As a machine learning researcher in the biology field, I have been keeping an eye on the recently emerging field of AI in drug discovery. Living in Toronto myself, where many “star” companies in this field were founded (Atomwise, BenchSci, Cyclica, Deep Genomics, ProteinQure… just to name a few!), I talked to many people in this field, and attended a few meetup events about this topic. What I learned is that this field is growing at such a rapid speed, and it is becoming increasing hard to keep track of all companies in this field and get a comprehensive view of them. Therefore, I decide to use my data science skills to track and analyze the companies in this field, and build an interactive dashboard (click here if you can’t wait till the end of this post!) to visualize some key insights from my analysis.

(This article was also published on Towards Data Science.)

Dataset

The Chief Strategy Officer of BenchSci (one of the “star” AI-drug startups in Toronto), Simon Smith, is an excellent observer and communicator in the AI-drug discovery field. I have been following his podcast and blog about industry trends and new companies. He wroted a blog in 2017 listing all startups in AI-drug discovery field, and has been updating this list since then. This blog is what I have found to be the most comprehensive list of companies in this field (230 startups as of April 2020), and therefore I decided to use his blog as my main data source.

Data Preprocessing

Since the blog simply listed companies as different paragraphs, I first scraped company information from the blog using Beautiful Soup. Then, I converted the scraped data into DataFrame format using Pandas. The dataframe looks like this:

In order to visualize these companies’ locations in a map, I converted the address information in this table to latitude and longtitude using Geopy:

# match address to latitude and longitude.
from geopy.geocoders import Nominatim
locator = Nominatim(user_agent="ai_drug")
lat, lng = [], []

for i, row in df.iterrows():
    location = locator.geocode(row.headquarters) or locator.geocode(row.city+','+row.country)
    lat.append(location.latitude)
    lng.append(location.longitude)

df['latitude'] = lat
df['longitude'] = lng

The funding information about these startups are not in the blog, therefore I searched for all 230 companies on crunchbase and pitchbook, and added these information to my dataset too.

Exploratory Data Analysis

I did some exploratory data analysis of the cleaned dataset, and noticed a few interesting things.

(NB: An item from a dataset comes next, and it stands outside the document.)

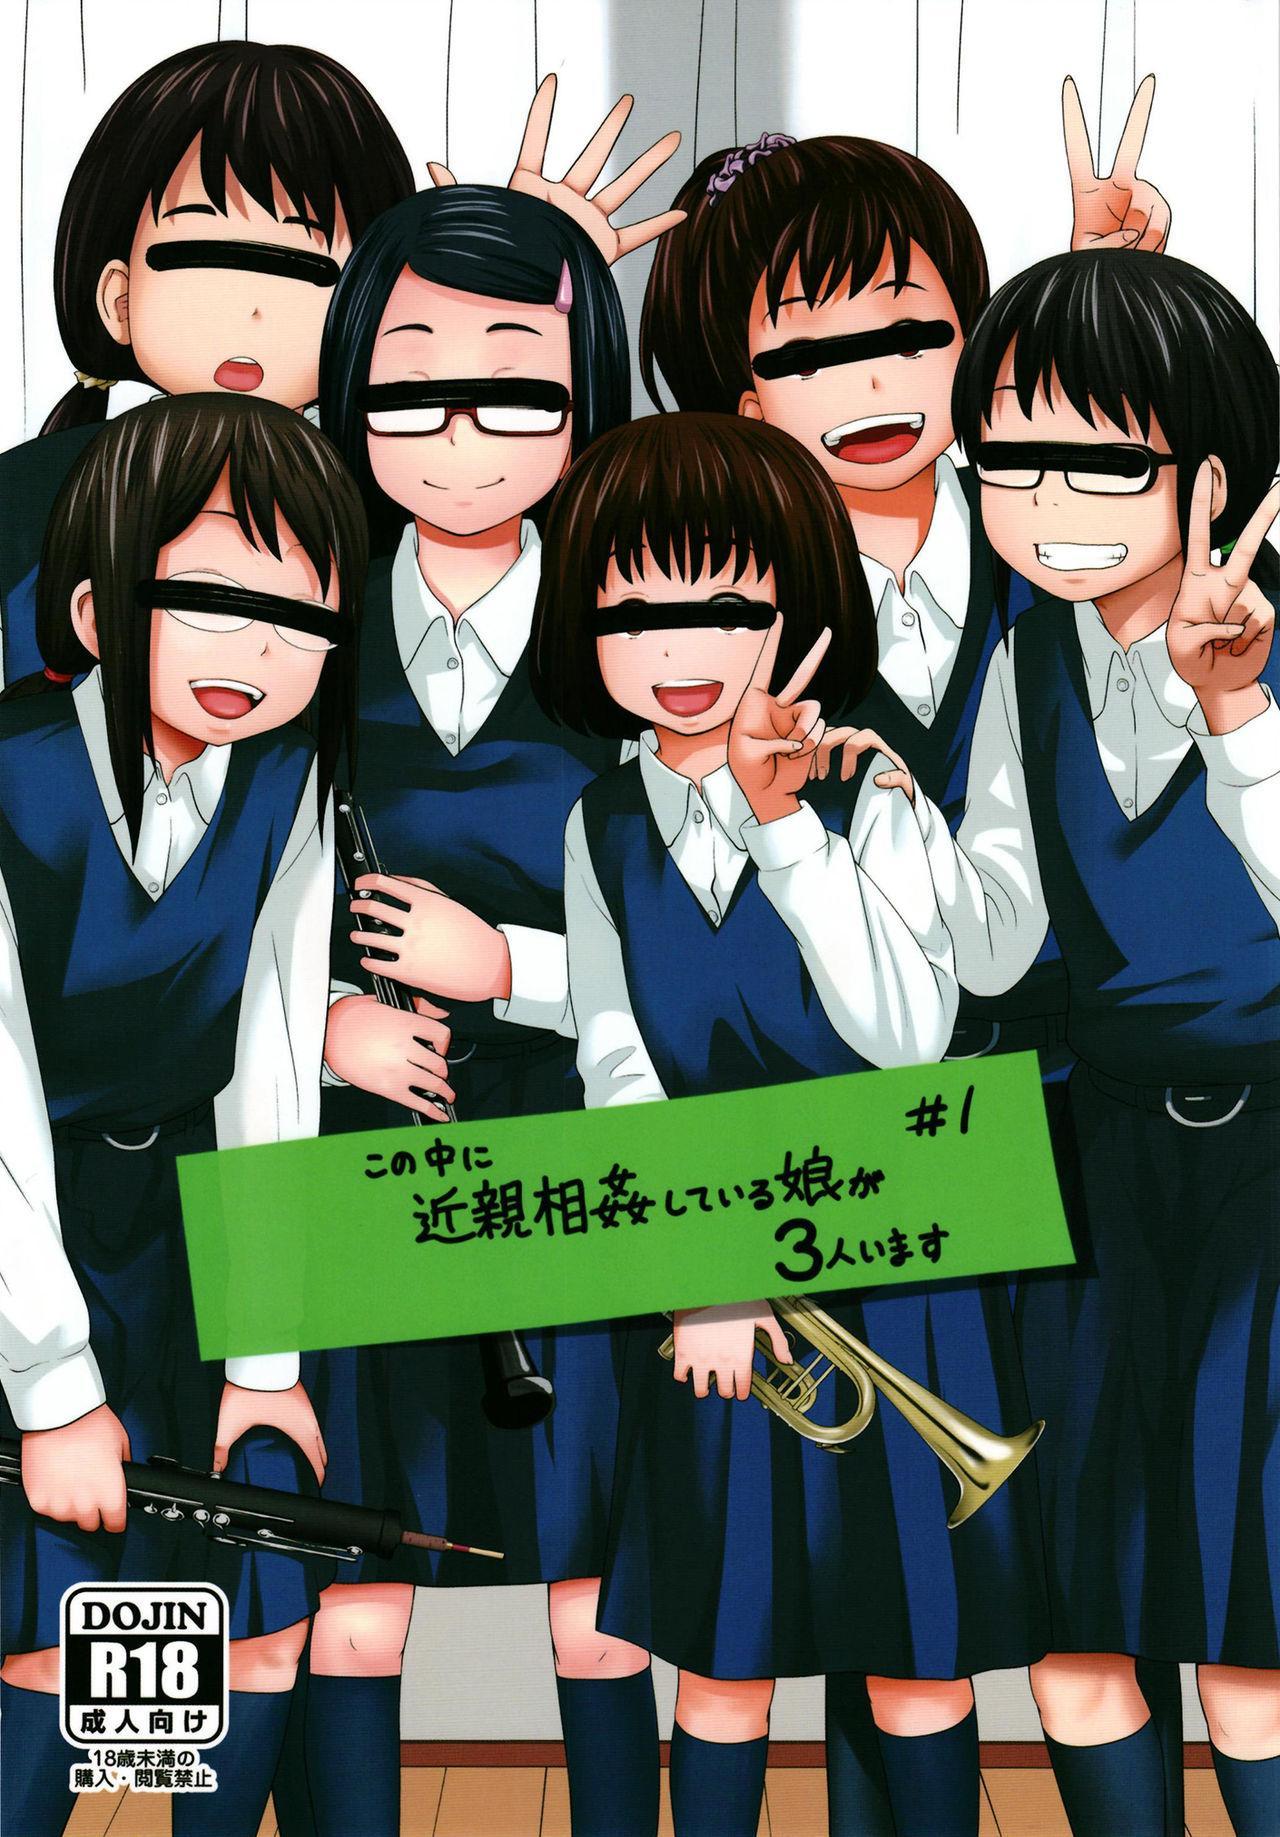 Kono Naka ni Kinshin Soukan Shiteiru Musume ga 3-nin Imasu #1 0
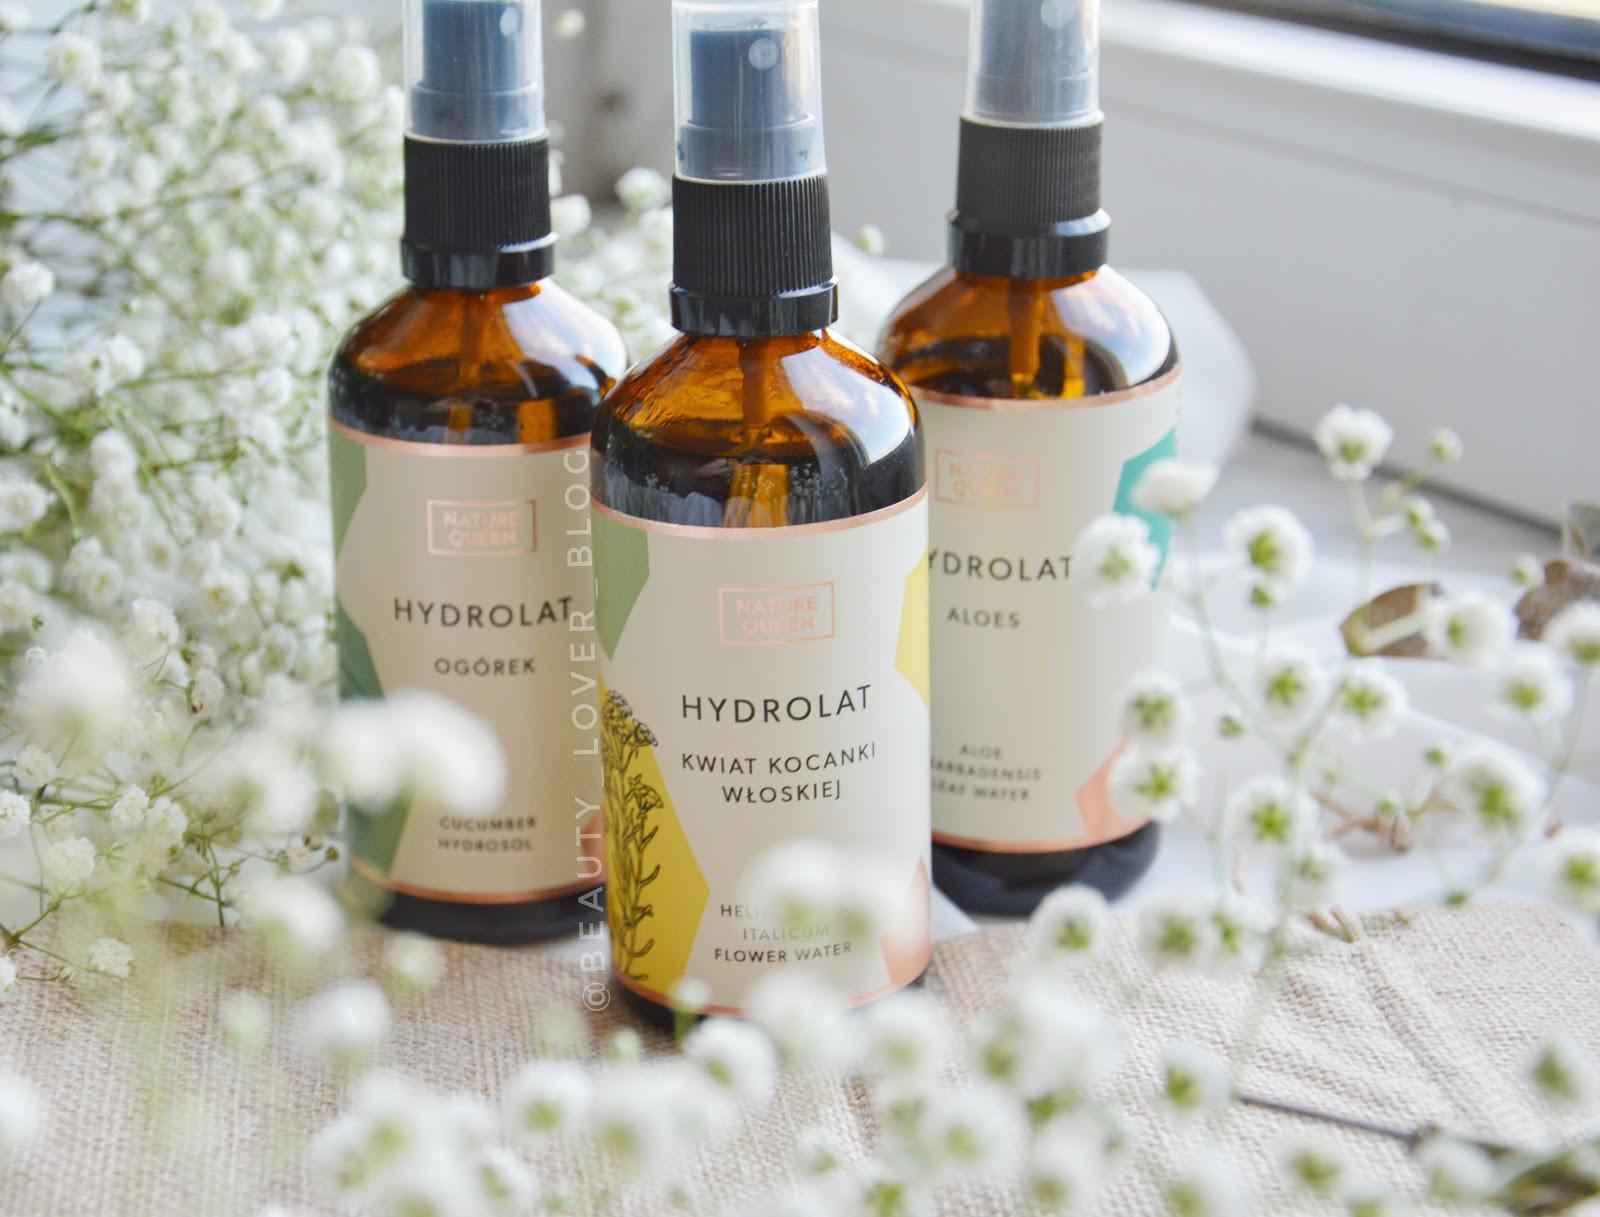 Trzy hydrolaty trzy zastosowania- aloes, ogórek i kwiat kocanki od Nature Queen

1. Explosion of startups since 2010

We can see this area didn’t really start existing until 1999. Schrödinger, the company that devolops chemical simulation software, was founded in 1990 and listed here, but I am not sure if their drug discovery platform has already started using AI in 1990… The explosion of startups started in post-2010 era, around the same time when the “AI-hype” started, and peaked in 2017.

2. Most VC fundings are early-stage

We can see the majority of companies that received funding are still in early stages of venture capital funding (Pre-seed to Series A), which might be due to the fact that most AI-drug startups are still at the stage of exploring business models and developing technologies and products rather than scaling the company size.

3. US is dominating the rest of the world

This may not come as a surprise, but US is dominating the rest of the world in this field. More than half of the companies are headquartered in US; More than 80% of the VC money went to US startups! UK is the No. 2 both in number of companies and funding. Canada is the No. 3 in number of companies, but not in funding - China is. There are quite a few promising Chinese startups in this field. For example, Adagene, an antibody discovery & development company in Suzhou, just raised $69,000,000 D-series funding in January 2020.

4. Novel drug candidate generation is the focus area of AI usage

We can see that the R&D category that attracts most attention and funding is the generation of novel drug candidates. Personally, I also thinks this is where AI can achieves its most power, i.e. predicting target-drug interactions using machine learning, by leveraging the large amount of existing test data.

Interactive Dashboard

I used Plotly Dash to build an interactive dashboard to visualize my dataset and deliver analysis insights. Dash is Python-based framework for building analytical web applications, and it’s free! The completed dashboard can be viewed at https://ai-drug-dash.herokuapp.com/, and you also can check out the code in my GitHub repo.

How to use this dashboard?

First, choose an visualization metric from the top left control panel. You can use either the number of companies, or the amount of investment in all visualization plots.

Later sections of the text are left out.